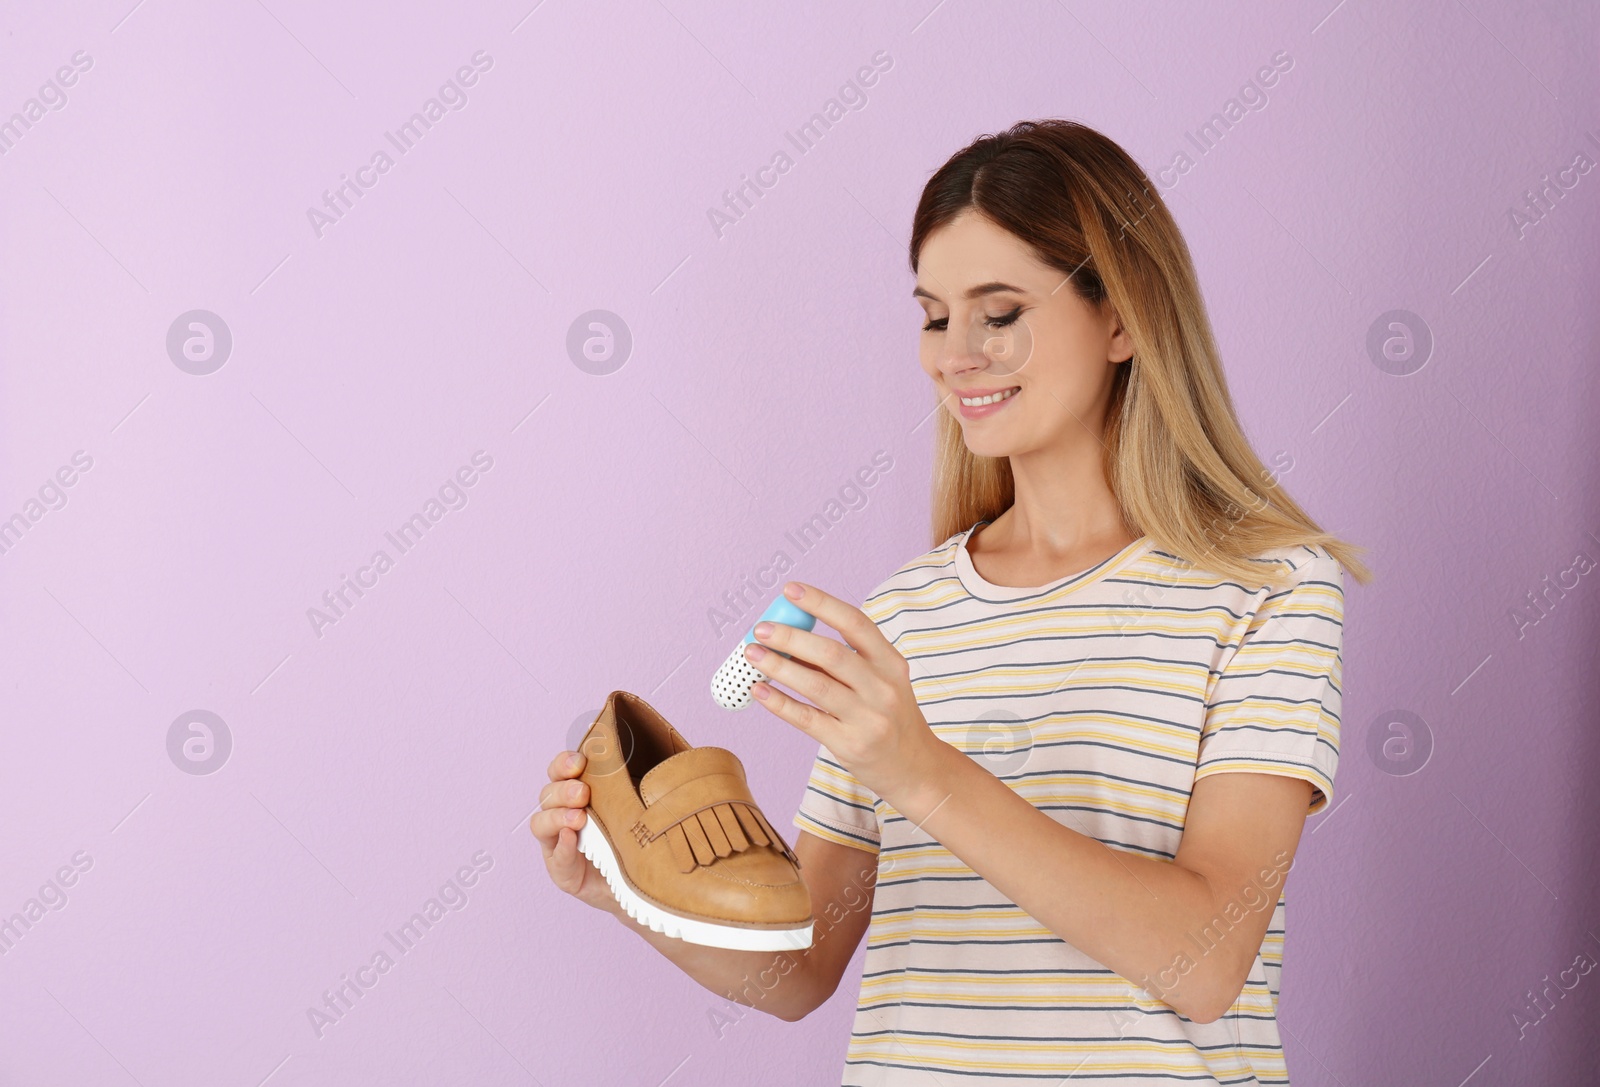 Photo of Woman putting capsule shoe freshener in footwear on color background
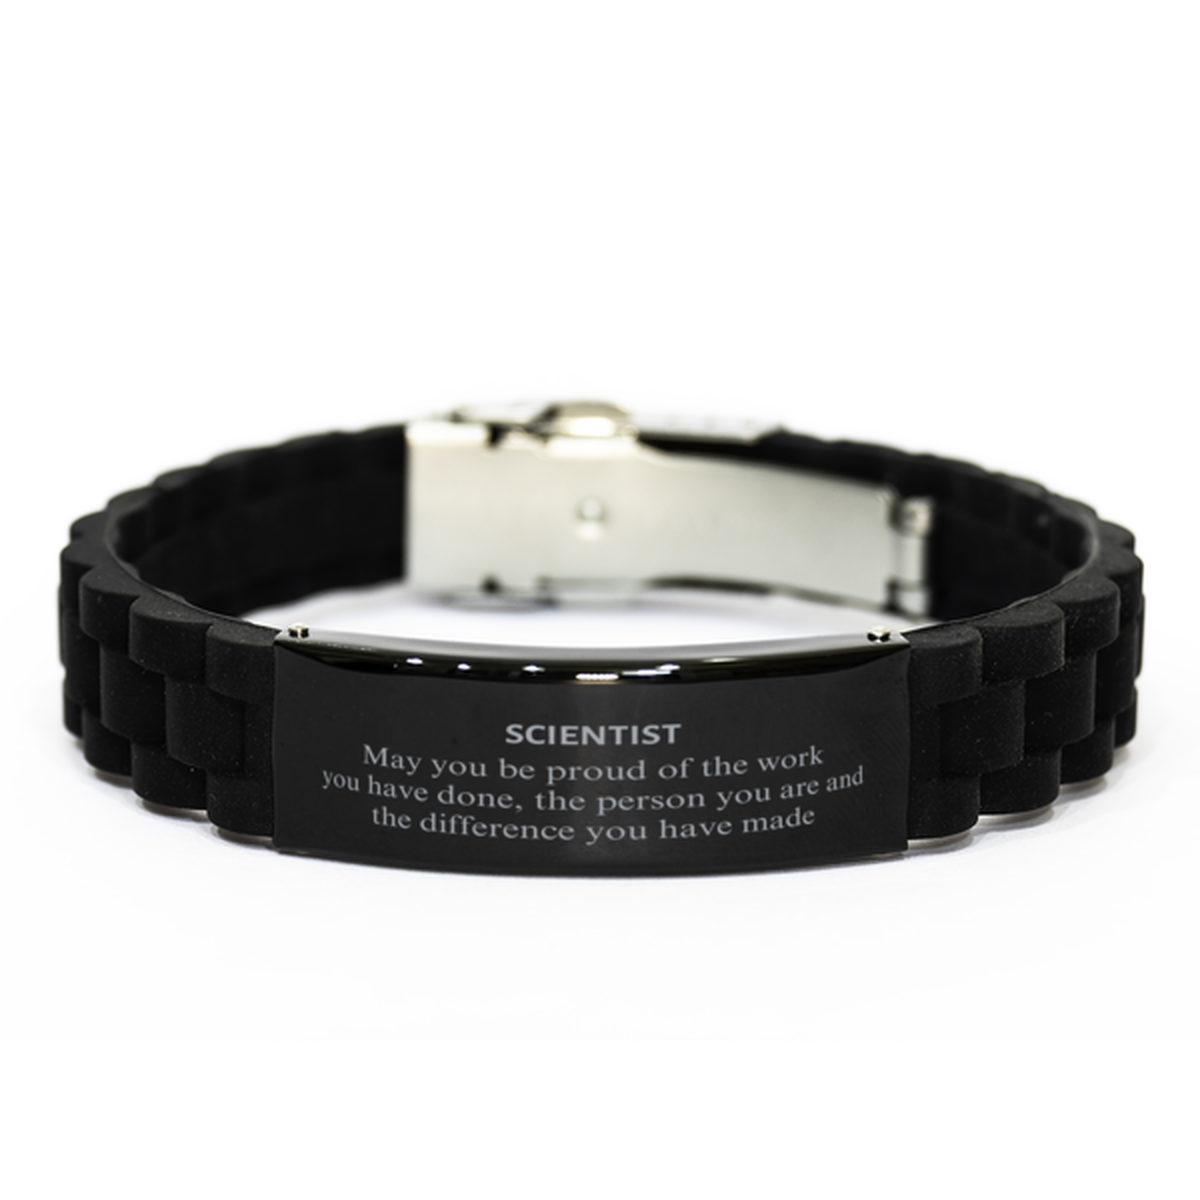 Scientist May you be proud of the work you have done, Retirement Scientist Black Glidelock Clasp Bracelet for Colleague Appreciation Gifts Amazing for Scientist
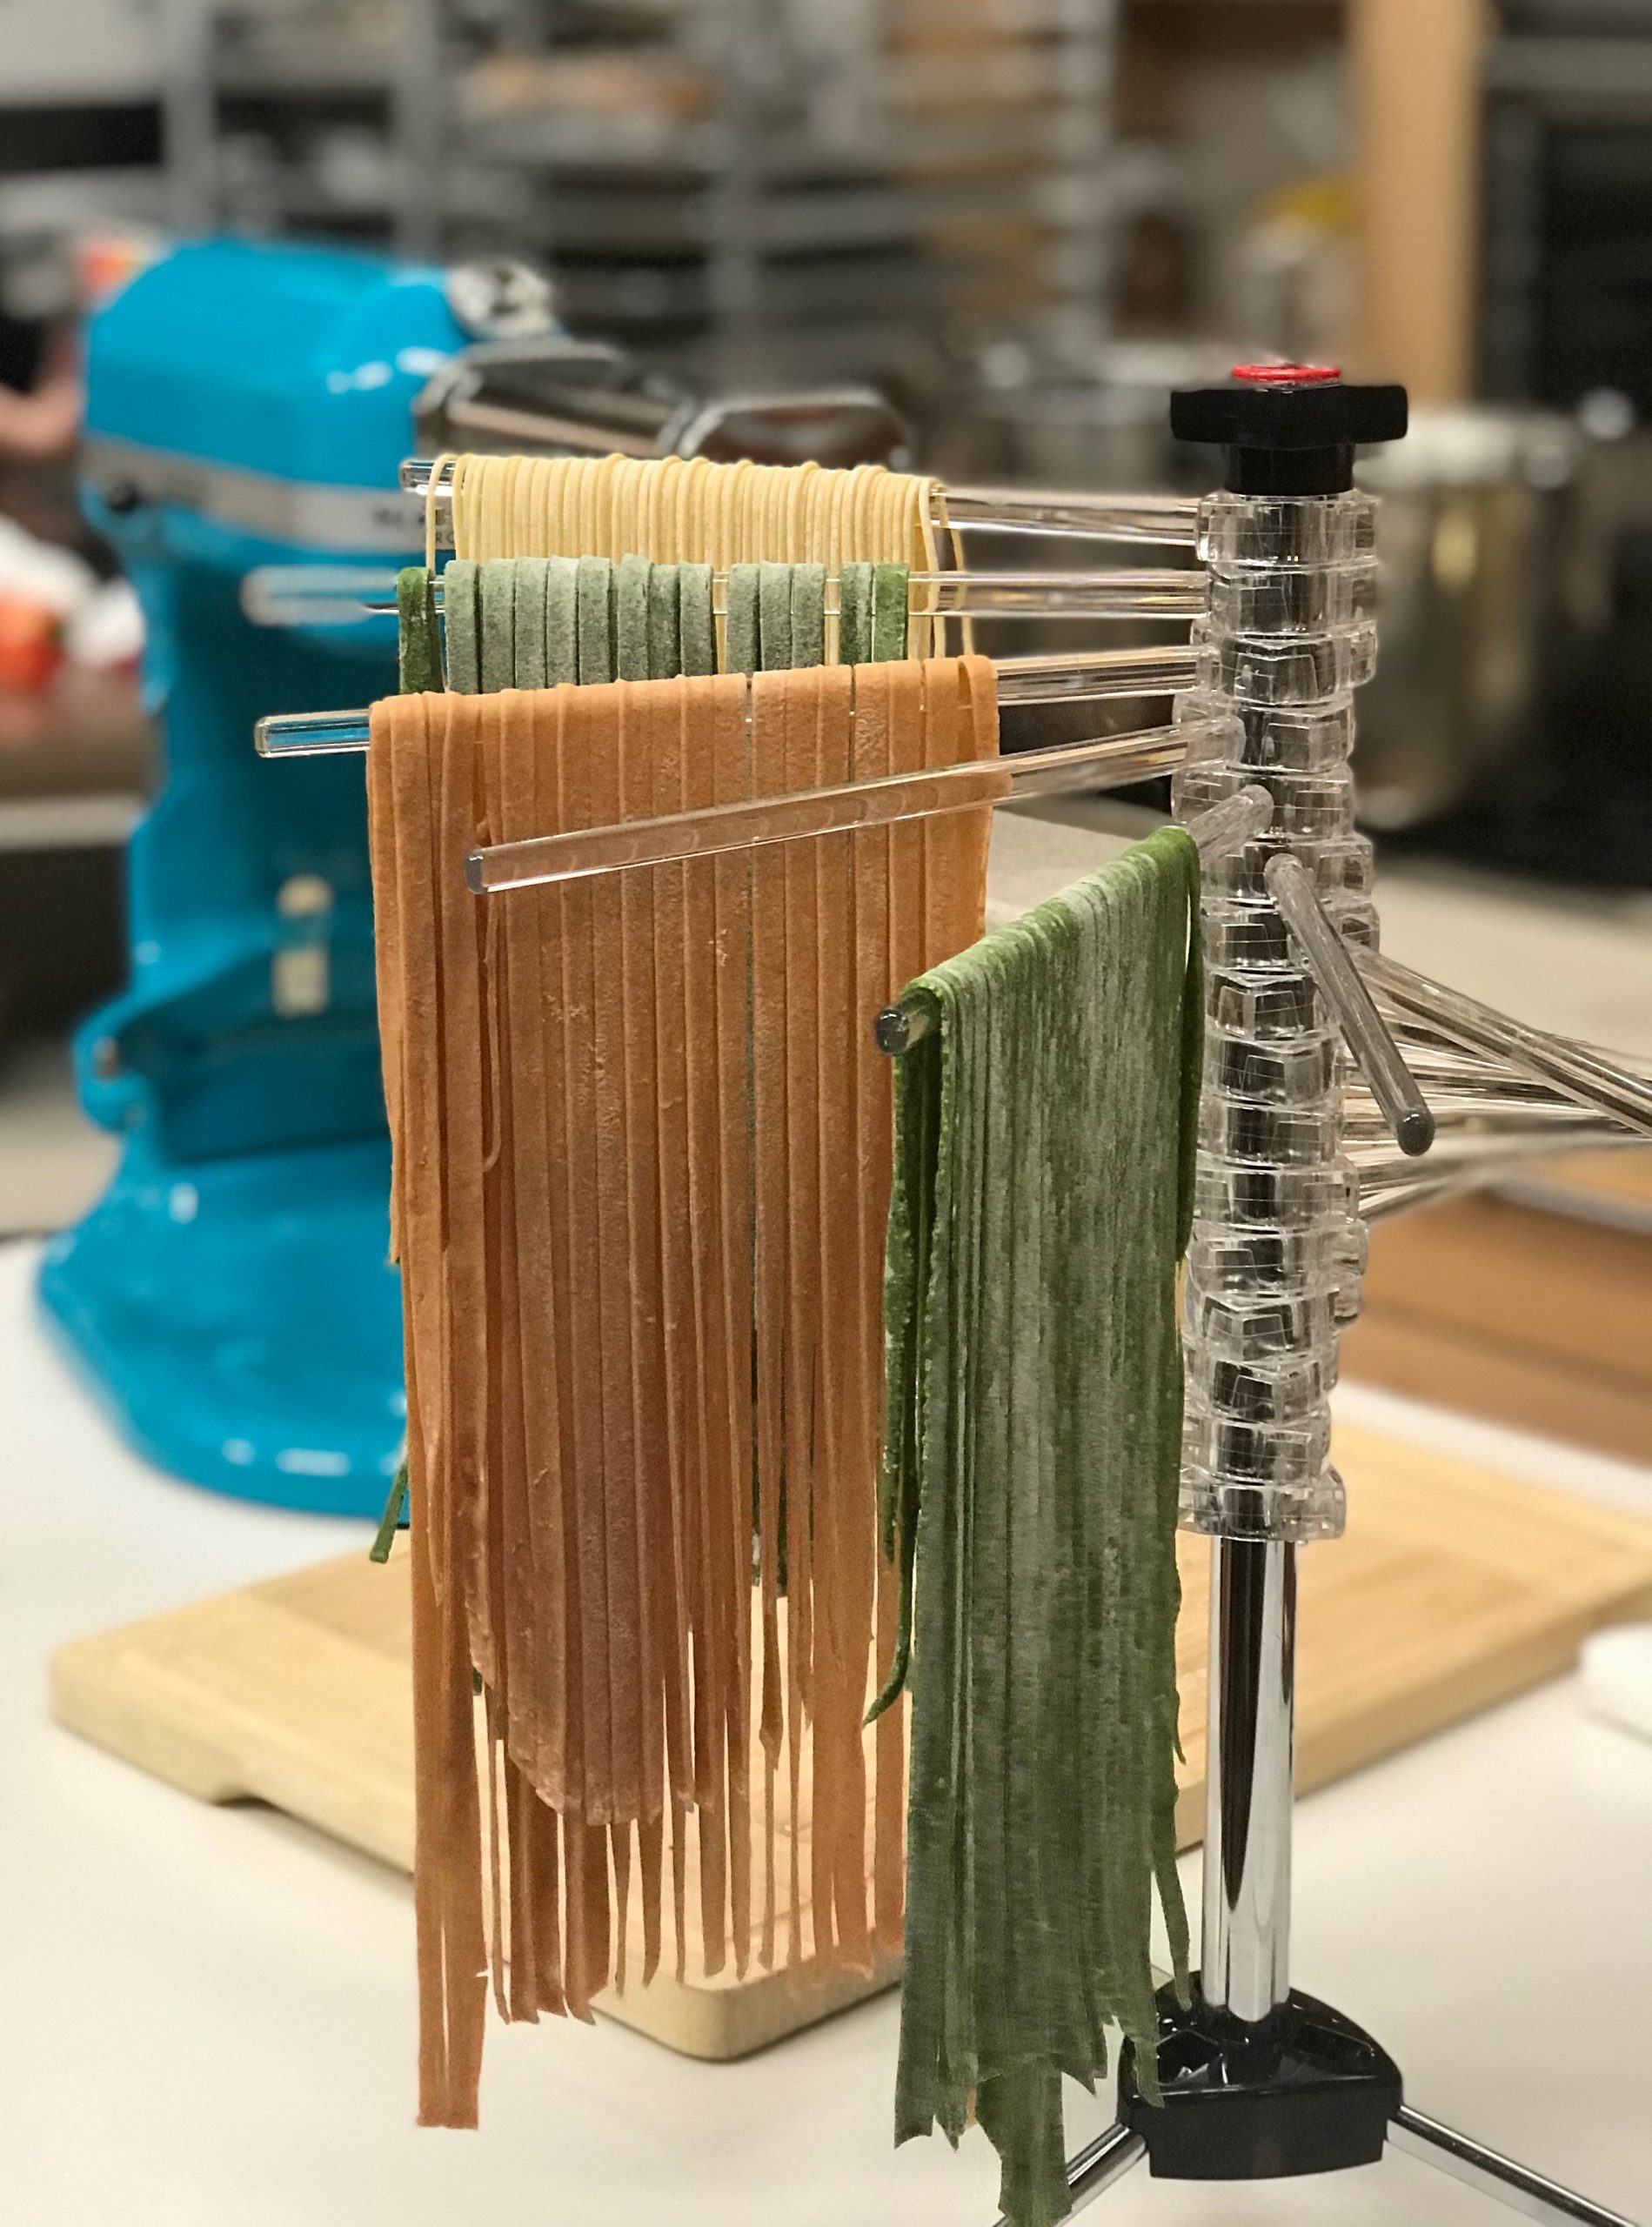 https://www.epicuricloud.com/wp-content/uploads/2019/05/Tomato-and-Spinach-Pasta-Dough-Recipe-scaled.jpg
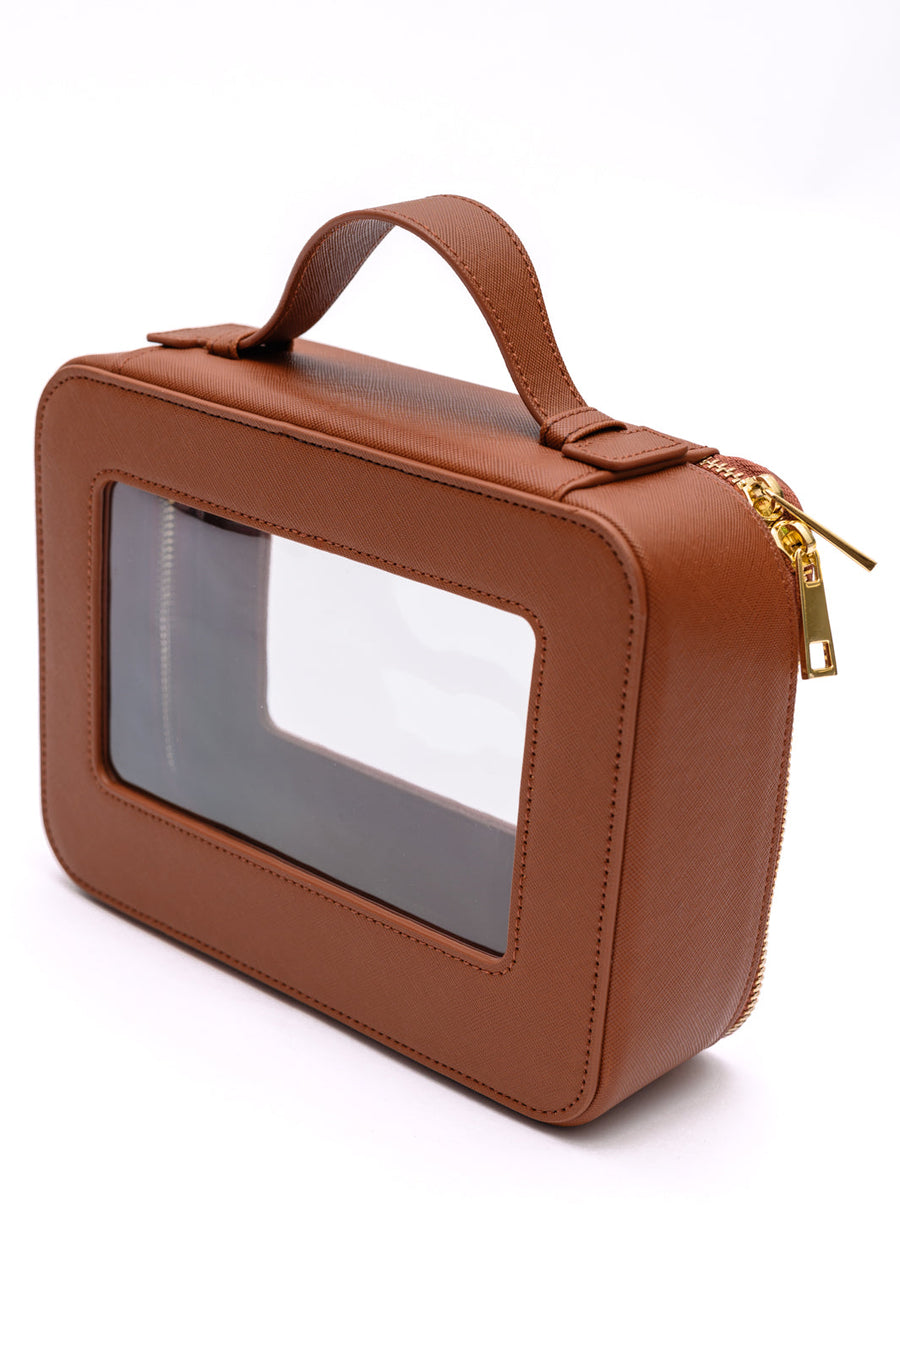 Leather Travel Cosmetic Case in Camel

::::

◆ What is being asked
The result should be the full listing, retyped exactly and free of pictures.

◆ Result
 Photo of Woman putting capsule shoe freshener in footwear on color background
 Scientist May you be proud of the work you have done, Retirement Scientist Black Glidelock Clasp Bracelet for Colleague Appreciation Gifts Amazing for Scientist
 https://www.epicuricloud.com/wp-content/uploads/2019/05/Tomato-and-Spinach-Pasta-Dough-Recipe-scaled.jpg
 Leather Travel Cosmetic Case in Camel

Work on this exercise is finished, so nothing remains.